That’s because many car owners stick with the same insurer, assuming that a low premium last time means a low premium this time too. According to GoCompare, 8.8 million drivers rolled-over their last car insurance renewal without checking for cheaper premiums, missing out on typical savings of around £240 each. 

8.8 million drivers rolled-over their last car insurance renewal without checking for cheaper premiums, missing out on typical savings of around £240 each.

The survey found that 31% of drivers have stayed with the same insurer for three years or more and nearly half (46%) of the 8.8m drivers who allowed their cover to automatically renew did so in the belief that because their insurer was cheapest last time they were bound to be good value this time around too.

Other reasons why drivers auto renew their policies include: 

  • Loyalty to an insurer which has ‘always looked after them'- 26%
  • Too much hassle, even if they can save money - 18%
  • They find car insurance confusing and lack the confidence to switch - 6%
  • Worried that they will lose their no claims discount - 6%

Of the 66% of drivers who didn't allow their car insurance to roll-over at their last renewal, 52% wanted to find cheaper cover and save money and 40% didn't trust their insurer to give them the best deal year after year. 28% believe they get a better deal as a new customer.

GoCompare’s Lee Griffin commented: "Millions of drivers are potentially overpaying for their car insurance in the mistaken belief that an insurer offering the cheapest premium one year is bound to offer the same good value the next.

“However, many drivers have found that insurers often offer the sweetest deals to new customers whilst pushing up premiums for their existing customers.

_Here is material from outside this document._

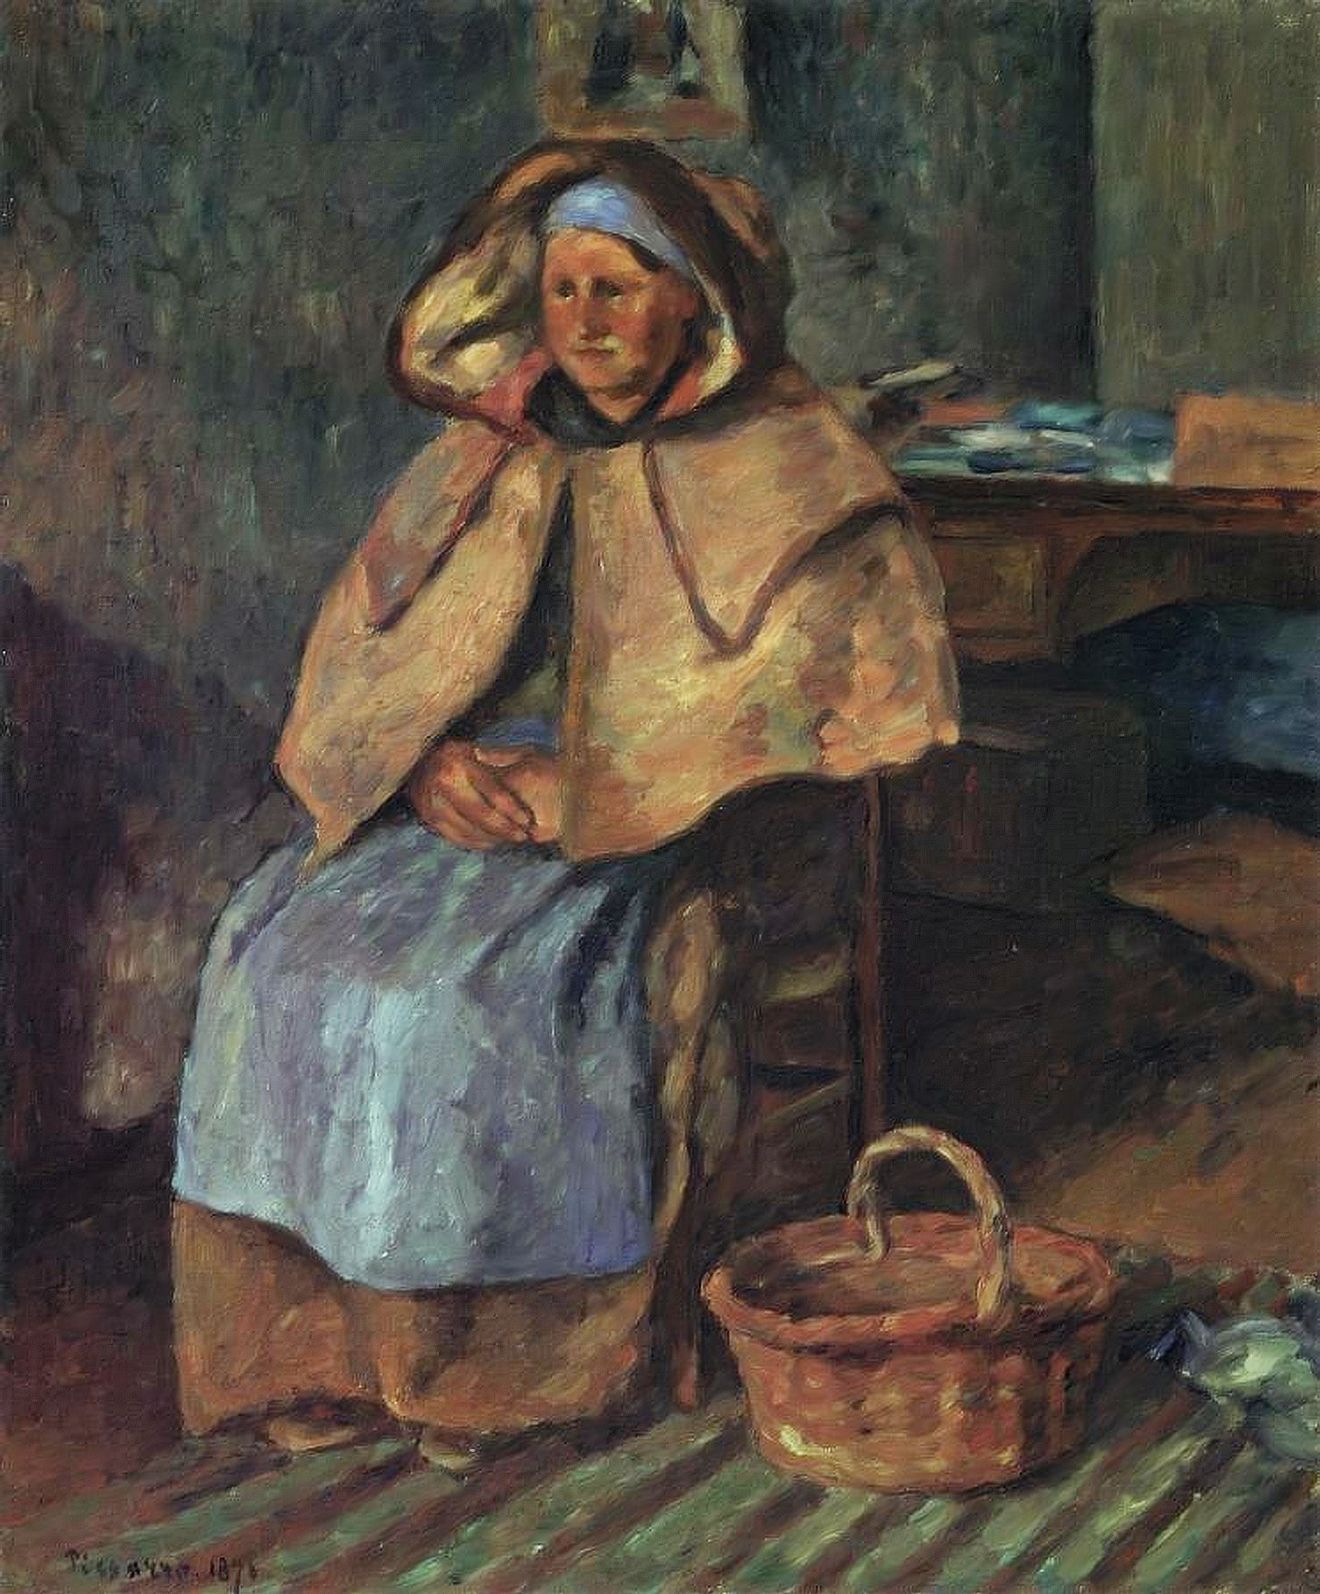 Camille+Pissarro-1830-1903 (230).jpg
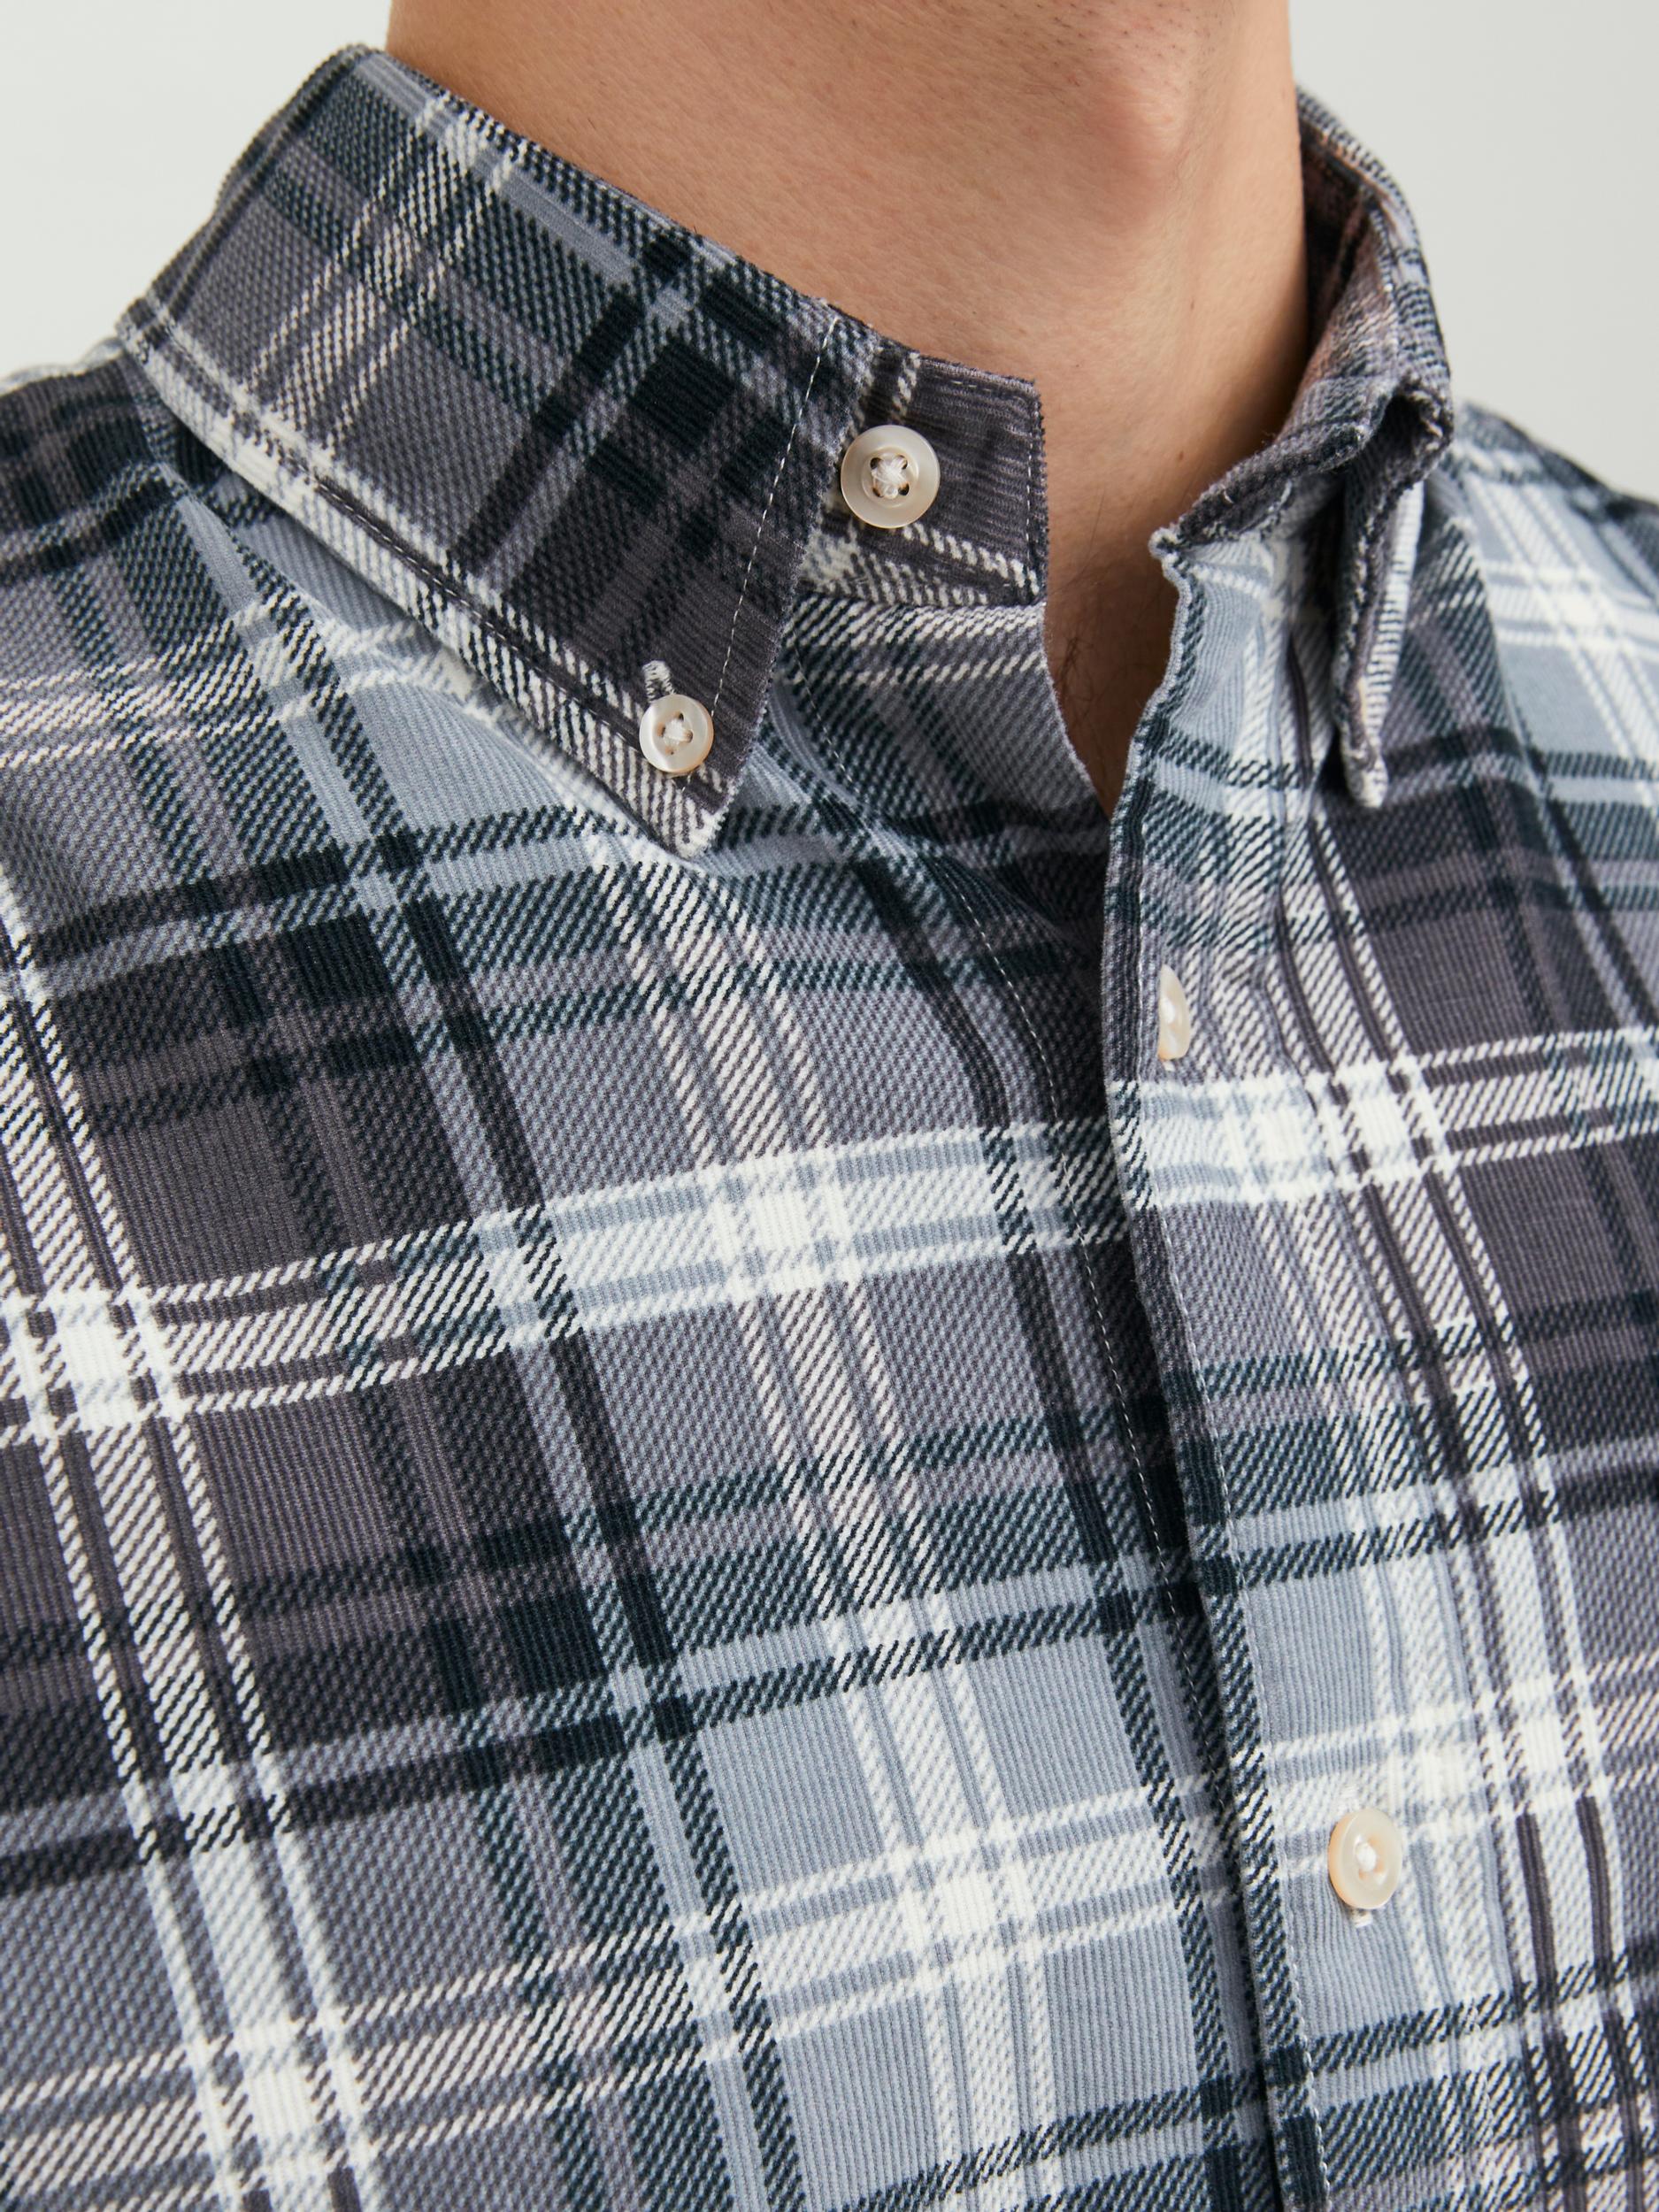 Men's Brook Cord X-mas Shirt Long Sleeve-Whisper White-Collar View

Switched on motorists know that when it comes to car insurance, loyalty seldom pays.

Insurers typically send out renewal notices two to three weeks before a policy is due to come to an end and you should use this time to shop around to see if you can get a better deal. Many insurers will automatically renew your insurance unless you contact them to tell them otherwise and their letter will focus on the convenience of needing to do nothing at all in order for your insurance to continue.

That’s convenient if you're happy to proceed without first checking if your new premium is still competitive. Insurers review their pricing regularly for different risks so there's no such thing as a ‘best buy' car insurance policy which will be the best value year after year.

If you do decide to switch insurers to save money, don't forget to contact your old insurer in good time to advise them that you wish to cancel your policy when it expires. If you don't get in touch they may renew your policy using an existing direct debit and you could face a cancellation charge when you realise you've got two policies in force.